И не садясь, расчетливо влил в себя только часть водки, самоцветно искрящейся в рюмке уральского хрусталя (отец Натана был директором Дома культуры при крупном оборонном заводе на Западном Урале. Все мы, ещё раз повторюсь, земляки, родом из города П.)
Кроликов тоже мудро слегка обмочил губы в спиртовом растворе, и лишь мы с Натаном бодро приняли на грудь по полной порции алкоголя. Арфистка, постоянно подкладывая наиболее лакомые кусочки сыну и мужу, негромко произнесла:
- Какие вы замечательные друзья! Какие все славные! Как же вы умеете дорожить друг другом!

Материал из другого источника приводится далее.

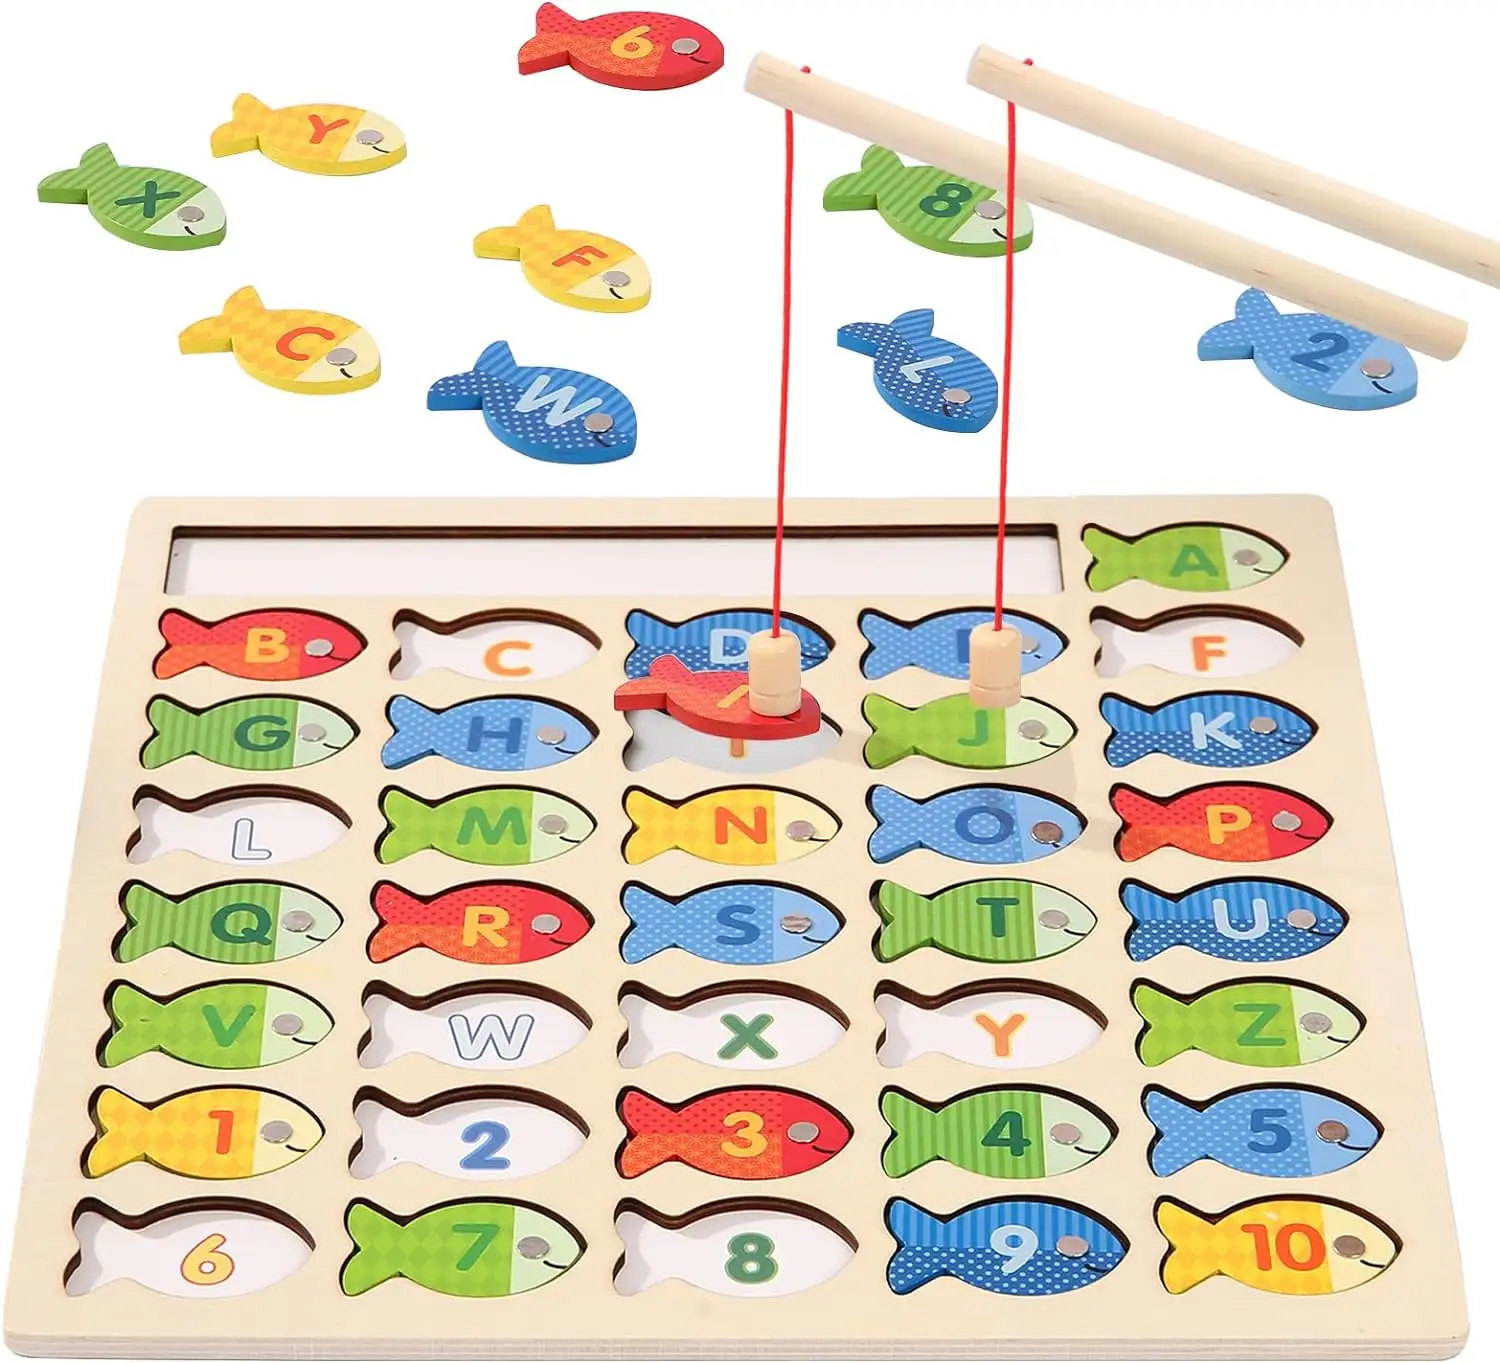 PT 도매 알파벳 물고기 잡기 계산 게임 퍼즐 숫자와 문자 나무 자기 낚시 게임 유아를위한 게임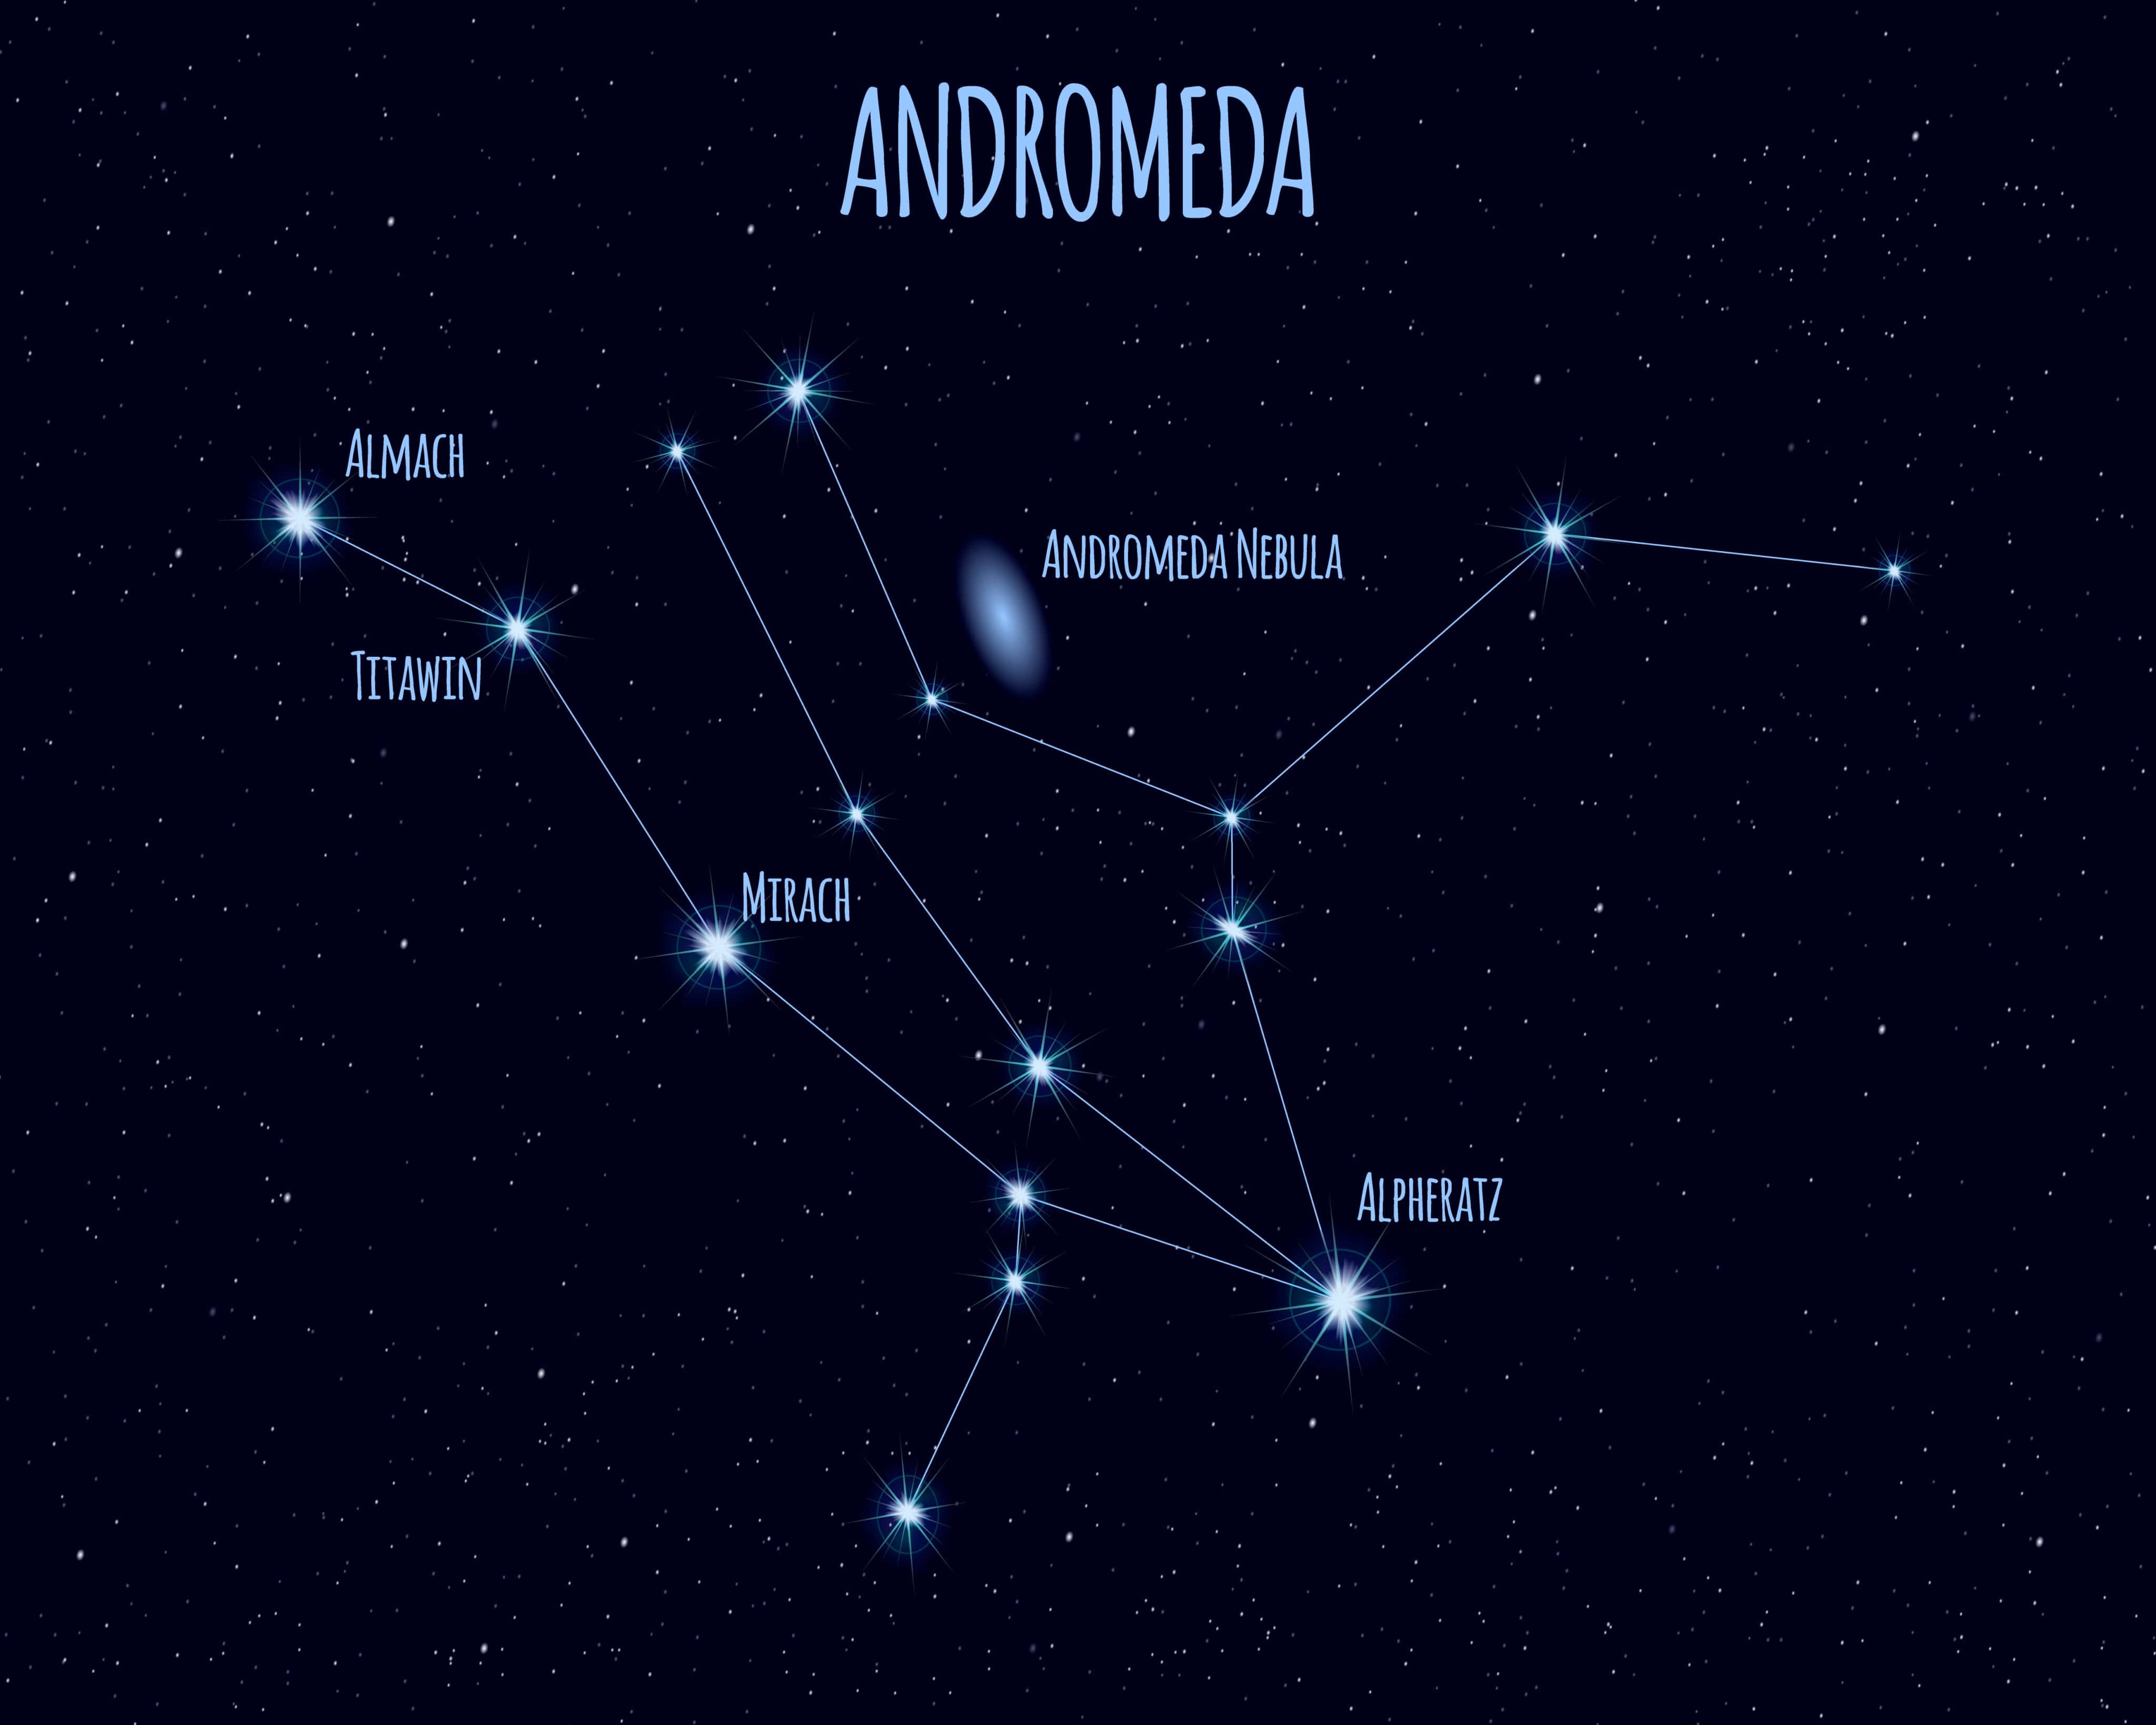 andromeda galaxy shown with key stars

Слезы непритворного умиления выступили у неё на глазах, она осторожно и в тоже время кокетливо промокнула их кружевным платочком. А я, не перенося на дух такого открытого славословия собственному супругу, в пику восторженной дамочке пробурчал:
- Велика сложность, попить-поесть на халяву! Дружба проверяется не этим, а, прежде всего на изломах судьбы, готовностью немедленно прийти на взаимовыручку и поддержку... Меня тут же перебил вездесущий Кроликов:
- Действительно, господа хорошие. Вот я недавно читал на сон грядущий Хайдеггера (это давно был якобы его любимый философ; вообще-то Колюня заучил всего-навсего полдюжины афоризмов и стихотворных отрывков и постоянно цитировал их ни к селу, ни к городу на протяжении последних двух десятилетий, но так как никто из нас обыкновенно не прислушивался к собеседнику, а предпочитал слышать в любом хоре голосов только свой, любимейший, то и избитость кроликовских суждений никому не царапала слух), он говорит, что край света - за ближним углом. Поэтому давайте ещё раз выпьем за то, чтобы угол этот был от нас как можно подальше.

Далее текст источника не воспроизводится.